As well, Powell promised the hospital will provide patients with out-of-province and out-of-country care options. The health ministry has the power to approve out-of-country care when delays in B.C. are life-threatening or likely to result in irreversible organ or tissue damage. But it was only after Waitkus informed BCCH orthopedic surgeon Dr. Christopher Reilly that she was taking her son to Spokane that alternatives ever came up.

Day's lawsuit against the Medical Services Commission, the Minister of Health and the Attorney General contends the Charter of Rights and Freedoms gives patients the right to seek expedited care in the private system, just as preferred beneficiaries are allowed to do. Preferred beneficiaries include injured WorkSafeBC claimants, RCMP officers, federal prisoners and armed forces members.

No date has been set for a trial.

Khalfallah was 13 in June 2009 when he was first referred on an urgent basis to Reilly, head of orthopedics. He wasn't seen until more than a year later, when Reilly claimed — according to the affidavit filed by Waitkus — that he never saw two referrals from the Kelowna pediatrician who made them, nor X-rays showing a 100-degree curvature. (A normal spine bends up to about 45 degrees in the upper back area).

Although Reilly explained that the surgery was necessary, complex and risky, he advised there was a two-year waiting list since there are only two surgeons who do such work at Children's Hospital (a third is coming next year). There are now 133 patients waiting for spine surgery, 50 fewer than last year. At a second visit several months later, Khalfallah's condition was worse and he was supposedly put on an urgent surgery list.

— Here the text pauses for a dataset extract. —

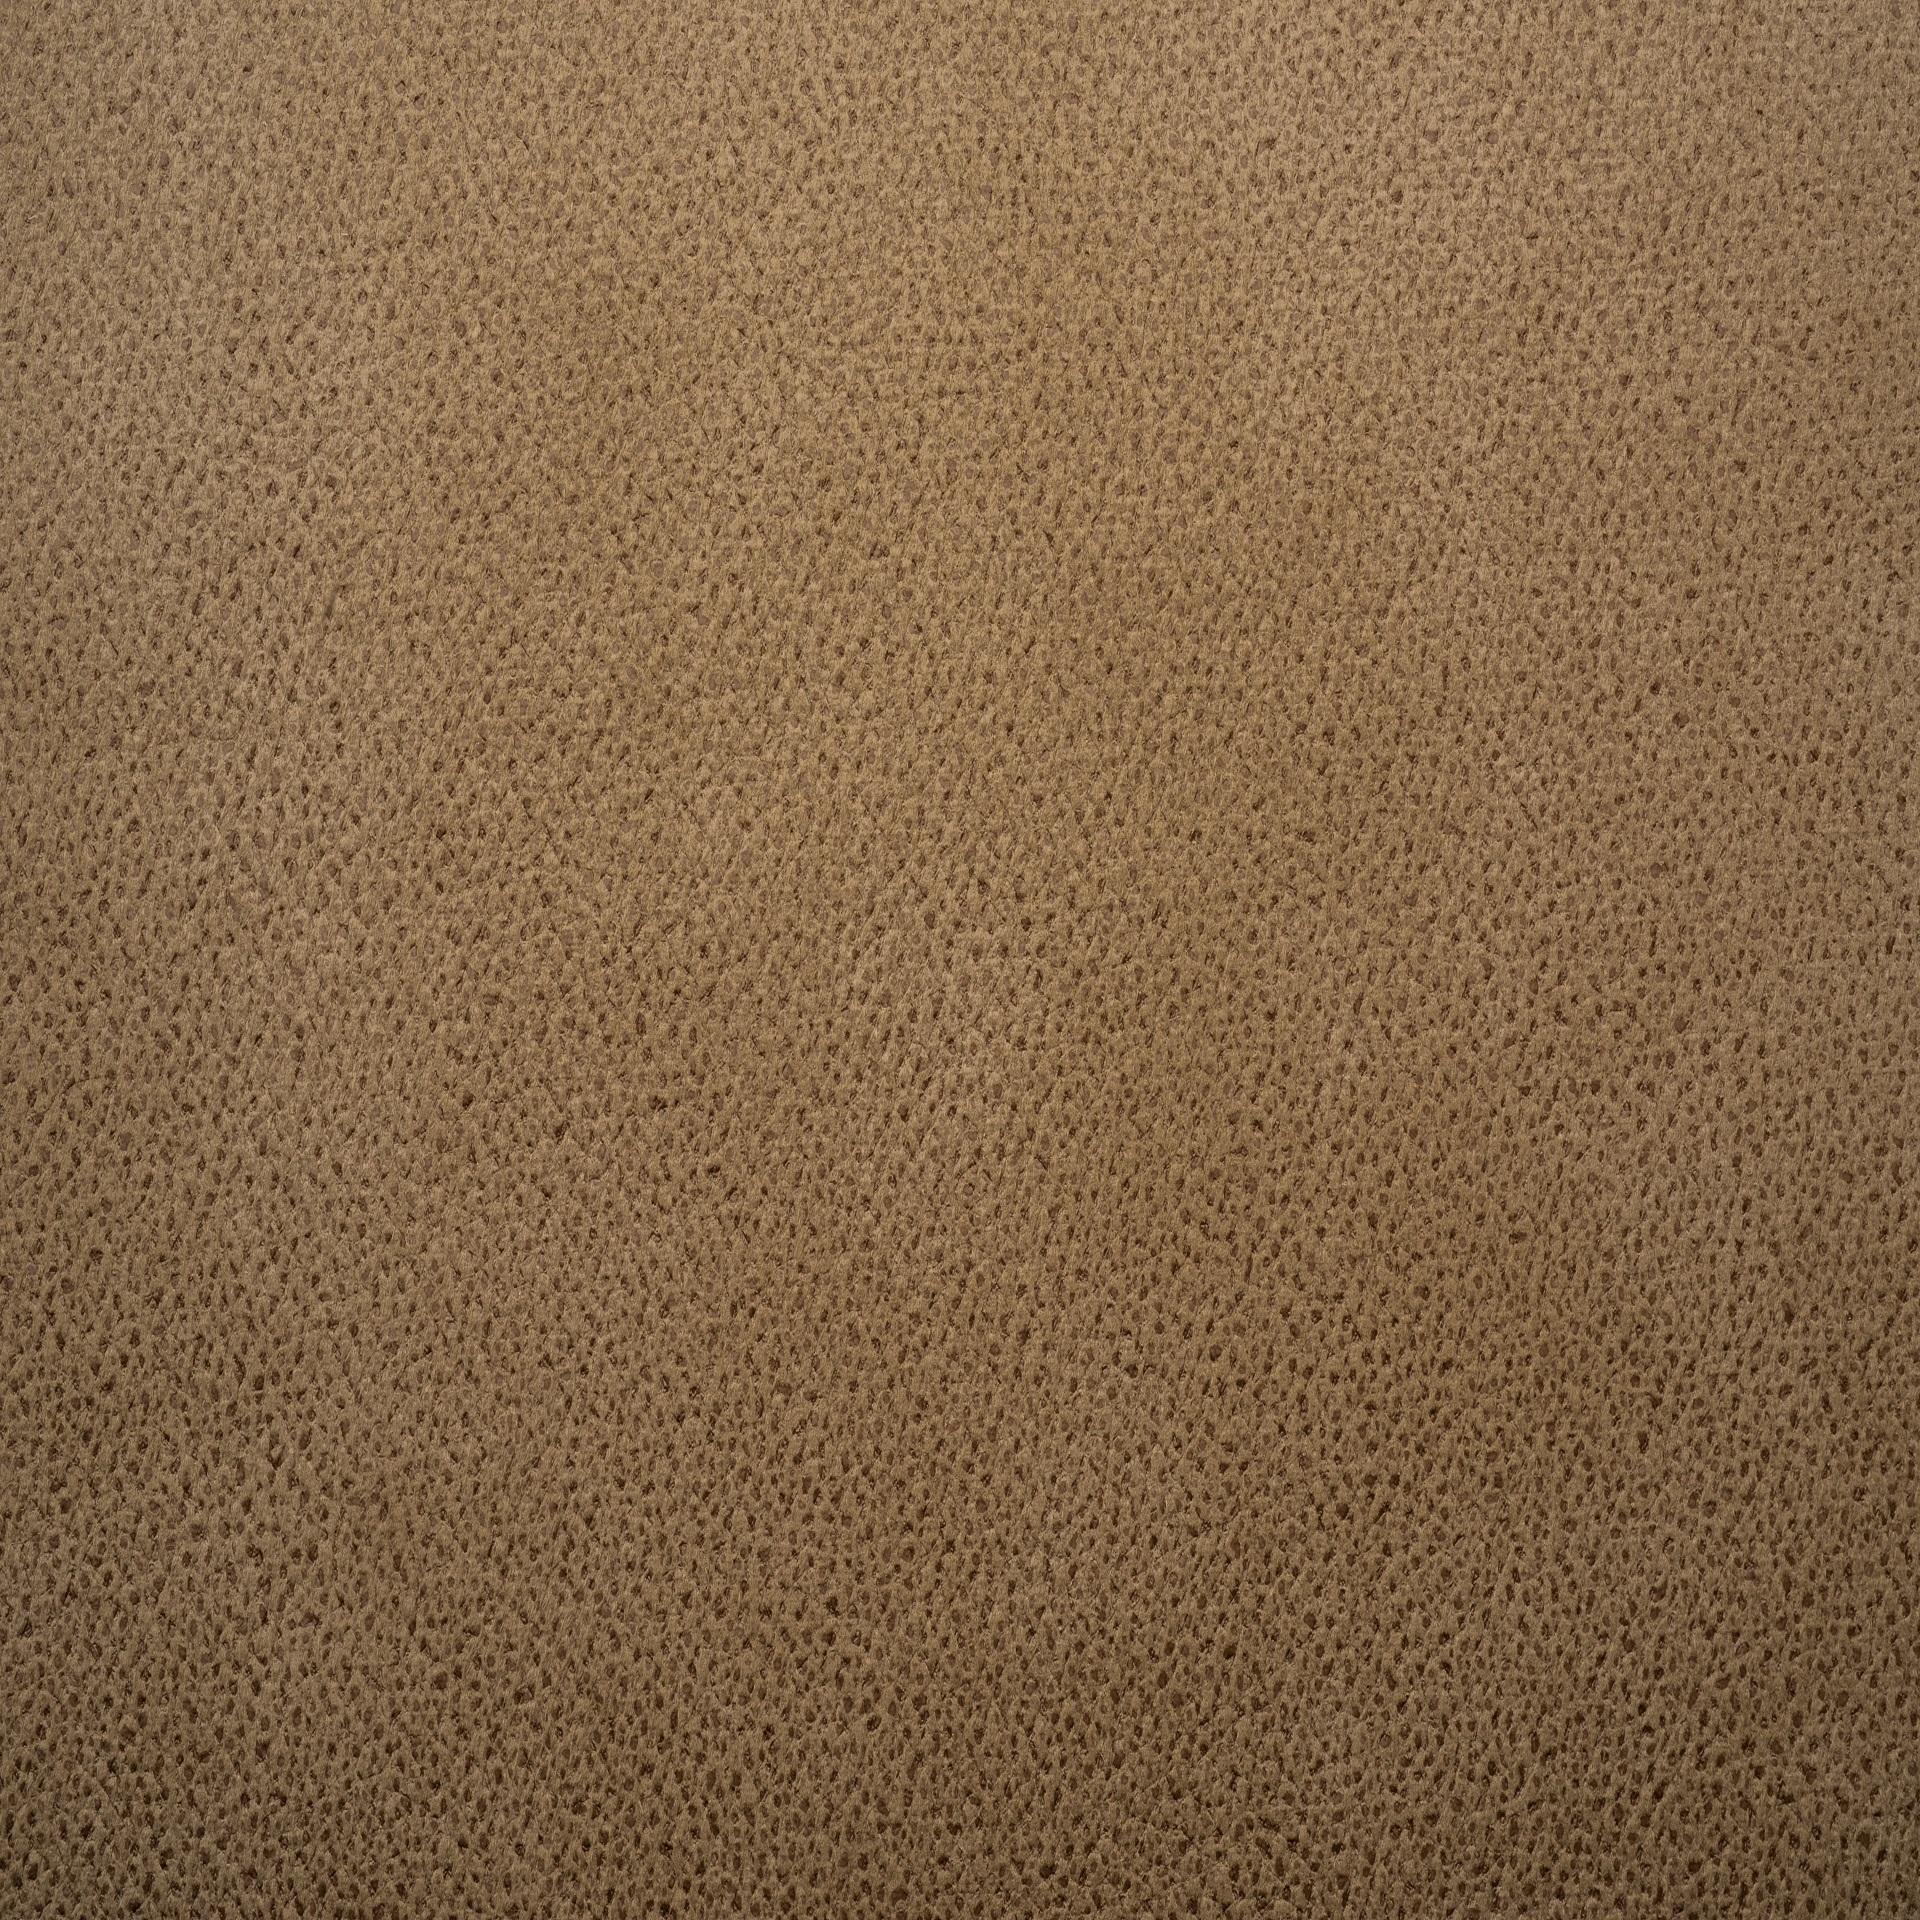 Коллекция ткани Мустанг CARAMEL,  купить ткань Велюр для мебели Украина

But in mid-2011, Waitkus still didn't have a surgery date, so she made her own arrangements to take her son to Spokane to have the surgery and pre-op traction at Shriner's International Hospital. By the time Reilly offered a surgery date of Nov. 27, 2011, Waitkus was already booked at the U.S. hospital, where the operation was done free on a compassionate basis (in January 2012).

Waitkus said she complained in the summer of 2011 to the Interior Health Authority's Patient Care Quality Office and to then-health minister Mike de Jong, expressing her anger, disillusionment and disgust over the way her son's care had been handled.

The plaintiffs in the Day lawsuit are two students, a cancer survivor and a terminally ill cancer patient, all of whom suffered long waits in the public system.

"B.C. effectively imposes the death penalty on patients through its policy of rationed care," Day has said, noting that in a landmark 2005 Quebec case (Chaoulli) the Supreme Court of Canada stated: "The evidence shows that delays in the public health care system are widespread and patients die as a result of waiting lists for public health care."